I think I'm most stunned by the (very late) full realization that in fact, in the humanities, academia is a war, unfair, brutal and soul-sucking.
In the sciences, collaboration is crucial -- most important for experimentalists, but even for theorists, who need the experiments to validate their theories. I have been closely following my husband's career for almost 20 years. You begin by working at someone's lab (sometimes as an undergrad, but more often as a grad student) and when you finish the degree, you also work as a Post-Doc in charge of projects at someone else's lab again. Until after getting a job, you can run your own lab. And even then you still collaborate with former colleagues, current and former students. It's a web of collaboration, a machine with many parts that moves slowly, but surely forward.

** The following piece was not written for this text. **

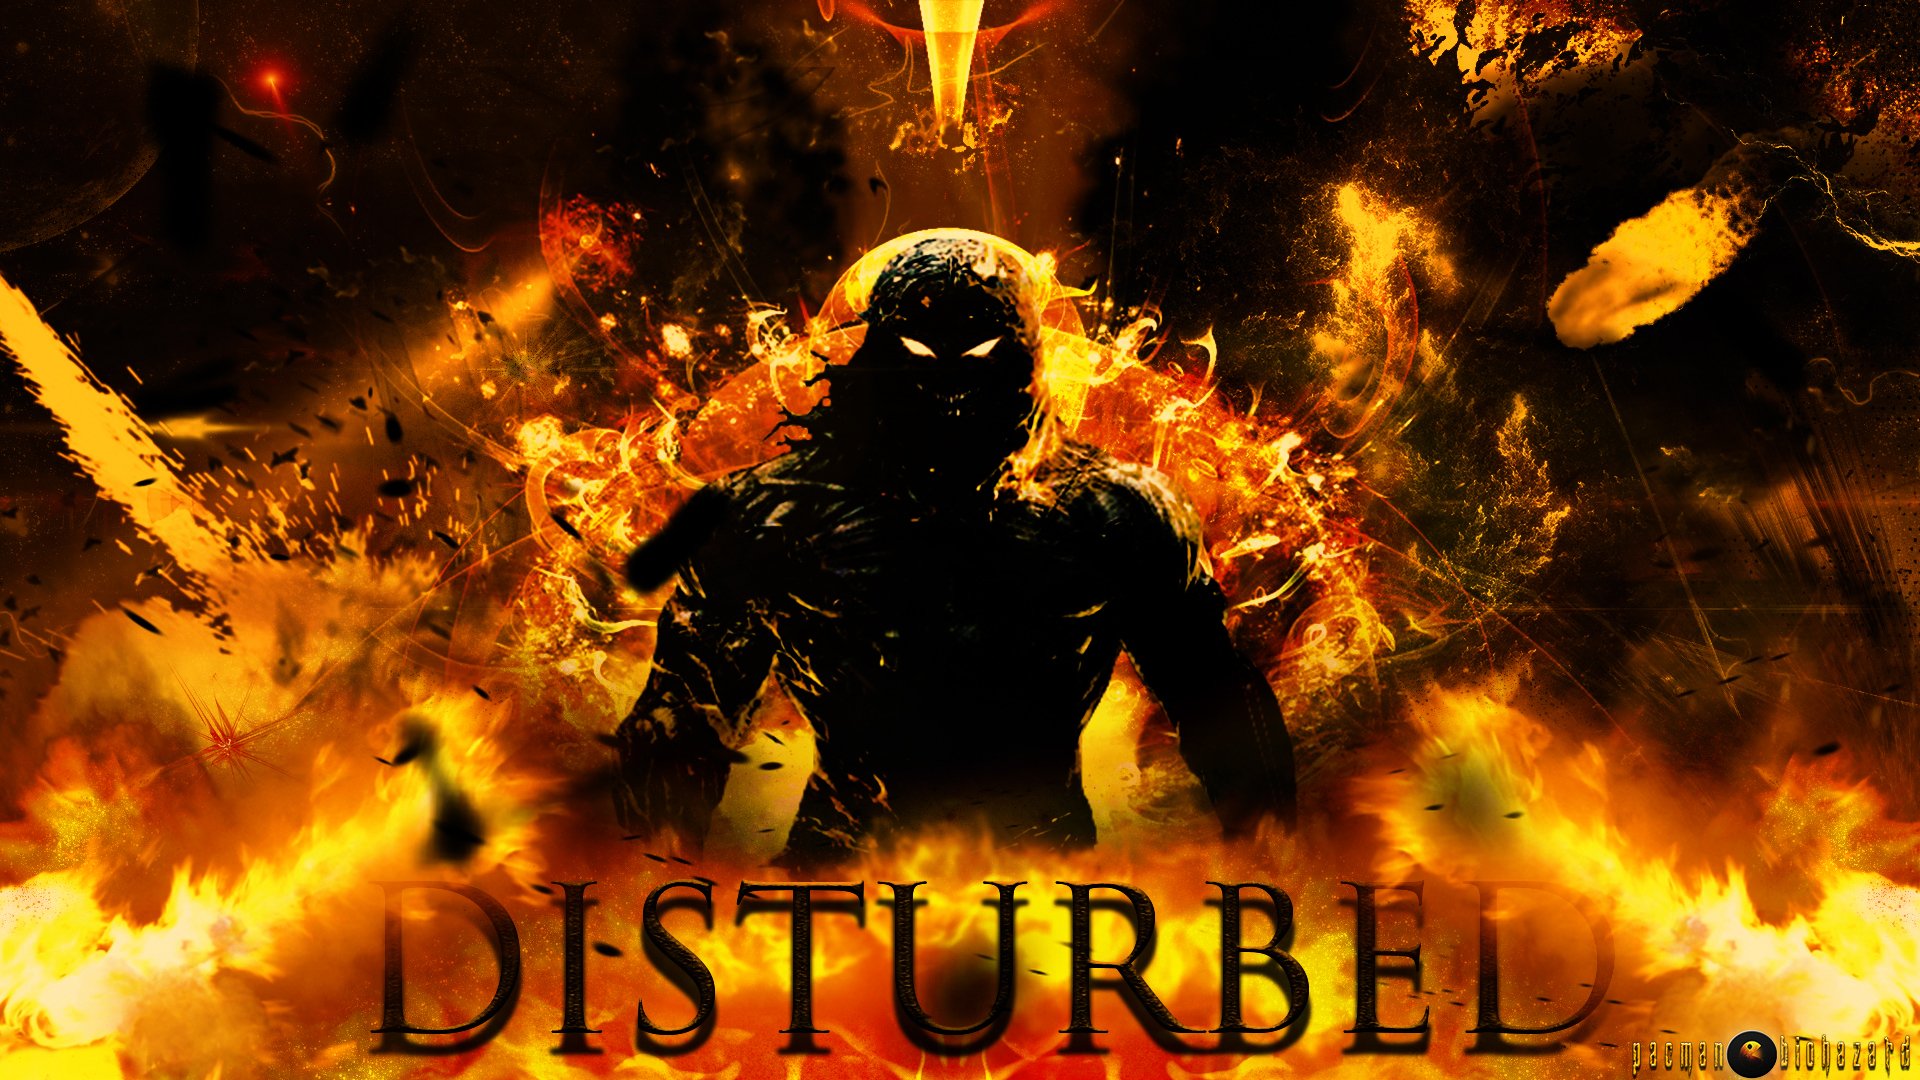 heavy metal, music, disturbed, disturbed (band) wallpaper for mobile

And these relationships can actually be quantified and visualized in number of citations, who cites who, etc.
In the humanities, however (particularly in languages, literatures, cultural studies, and related fields). Each of us works ALONE. Of course it's not in complete isolation because we still need to read the works of others and "interact" with them, but the greatest likelihood is that the "big names" we cite won't ever read us or ever even hear of our work.
There are too many areas, it's impossible to really be visible (take the MLA for example, it's a jungle, it's ridiculous), so we "speak" to nobody really, and try to make our mark uselessly.

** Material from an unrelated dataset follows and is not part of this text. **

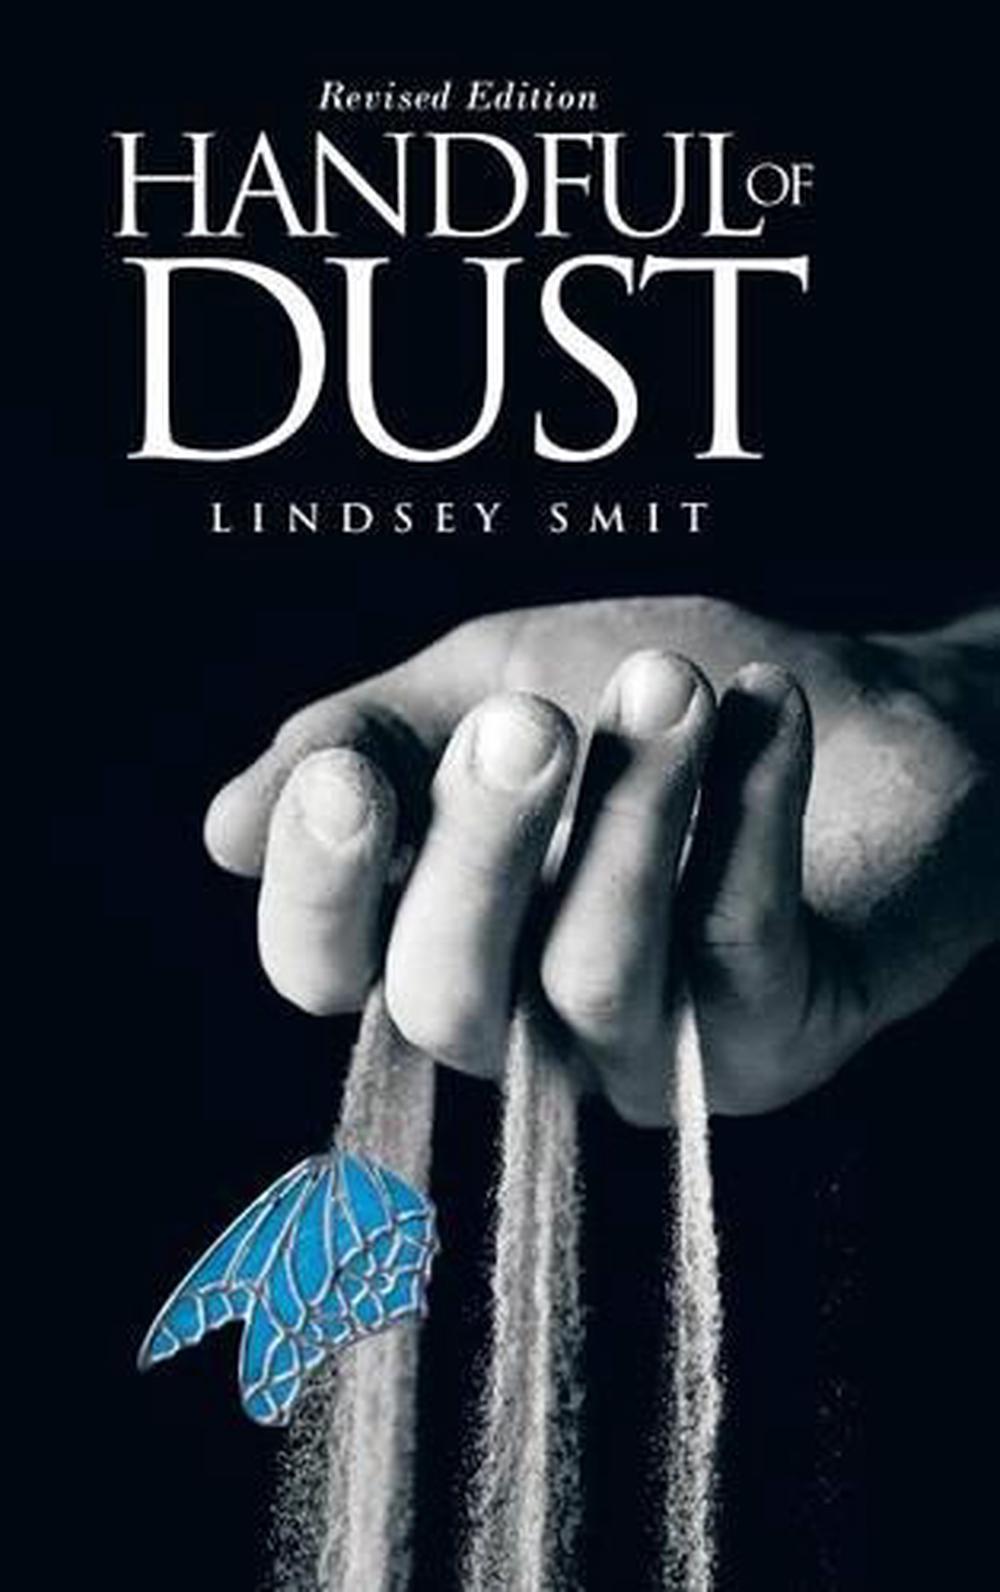 book a handful of dust

It's a field heavily populated by white males and even though they need to hire the "token women" or "token minorities," I believe that white males still call the shots. This may change, but I don't know how, really.
And yesterday I realized one more layer in the conflict and the bloody war -- people in the humanities are even MORE isolated because they are afraid of each other, they are threatened by each other.
Sigh...
and fortunately, I ran out of steam and will publish this half-finished. Maybe it's good that my motivation to write about this is waning. I guess the poison is getting diluted, the salt is slowly washing away. I'm sure I will have more to say soon.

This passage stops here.